Mac & "Cheese" Recipe from Vegan Yum Yum
1/3 cup Earth Balance margarine
1/4 cup flour
2 1/2 tbs soy sauce
1 tbs lemon juice
1 tbs miso
1 tbs tahini
1 tbs tomato paste
1 1/4 cup soy milk
1/3 cup nootch
1 pinch salt

Melt Earth Balance over medium heat, add flour and whisk vigorously until a smooth paste forms. Add tamari, lemon, miso, tahini, and tomato paste and whisk until well incorporated. Slowly pour in the soy milk, whisking constantly, until it is completely incorporated. Add the yeast and mix well. Cook the mixture until it thickens, whisking often. Add salt and pepper to taste. Pour it right onto noodles and eat up, or bake it all with bread crumbs on top for something a little crispier. Follow your heart!

Rebar Modern Food Cookbook

When I'm feeling like a fancy person or have somebody to impress, this is the book I grab. All the recipes have like 7000 ingredients, so it isn't always the most economical, time-wise, but the results are always satisfying. There's interesting twists to every meal in here: the folks at Rebar are always tossing in mangos where mangos don't really belong, so if you enjoy those sort of culinary shenanigans, you'll dig this book.

The Modern Food Cookbook has a lot of vegetarian (read: cheese-infused) recipes, but almost everything has suggestions for veganization.

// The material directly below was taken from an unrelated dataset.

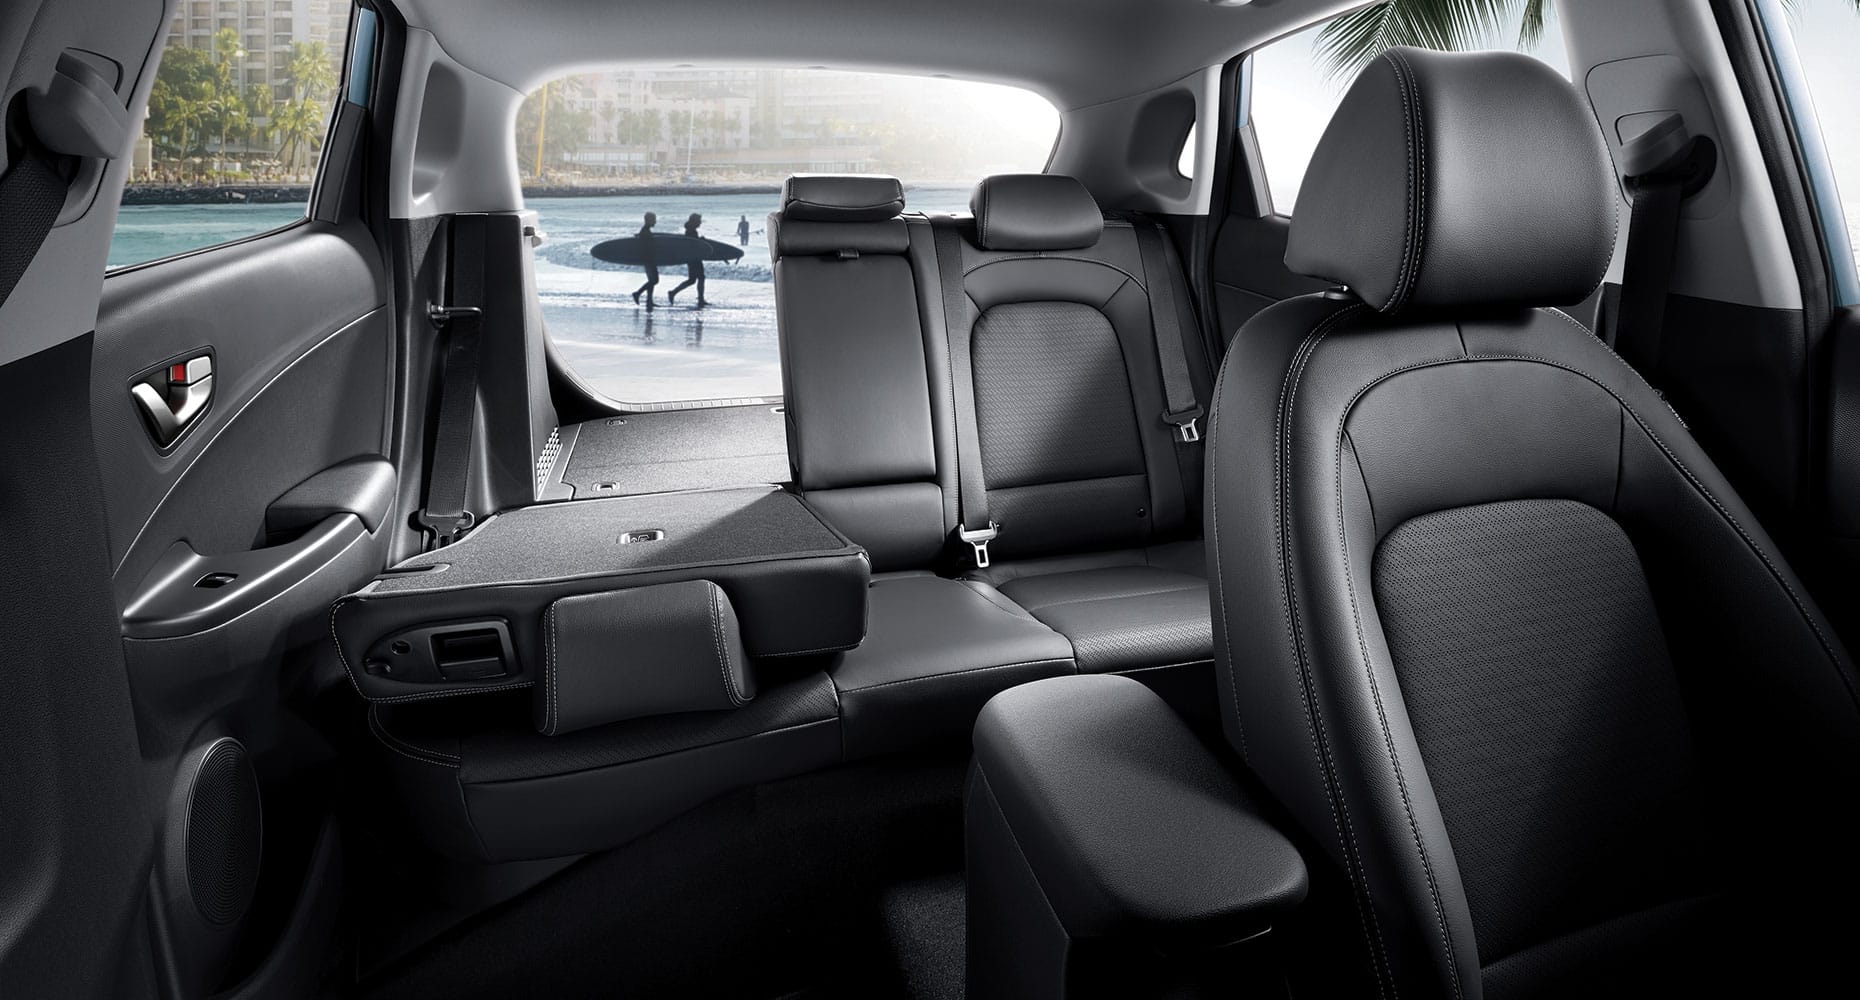 siège rabattu permettant plus d'espace de rangement à l'intérieur du Hyundai Kona 2021

The downside is that there aren't any colourful pictures, but isn't your imagination the greatest colour printing press of all?!?!?

Baja Baked Black Beans from the Rebar Modern Food Cookbook
4 cups black beans, soaked overnight
1/2 bunch cilantro, chopped
1 tbsp cumin
2 tbsp chili powder
1 tbsp oregano
6 garlic cloves, peeled and chopped
1 onion, chopped
1 tbsp salt
2 tbsp chipotle puree
1/2 cup brown sugar, firmly packed
1 can tomato paste (5.5 oz)
1/3 cup red wine vinegar

Combine beans, cilantro, cumin, chili powder, oregano, garlic, and onion in a large pot and cover with water. Bring to boil, then simmer about an hour, until beans are tender. Add 2 tsp salt in final 15 minutes of cooking. Preheat oven to 350F. Stir remaining ingredients into pot. Pour or laddle into casserole dish, cover with foil, and place on a baking sheet (to catch spills). Bake for one hour.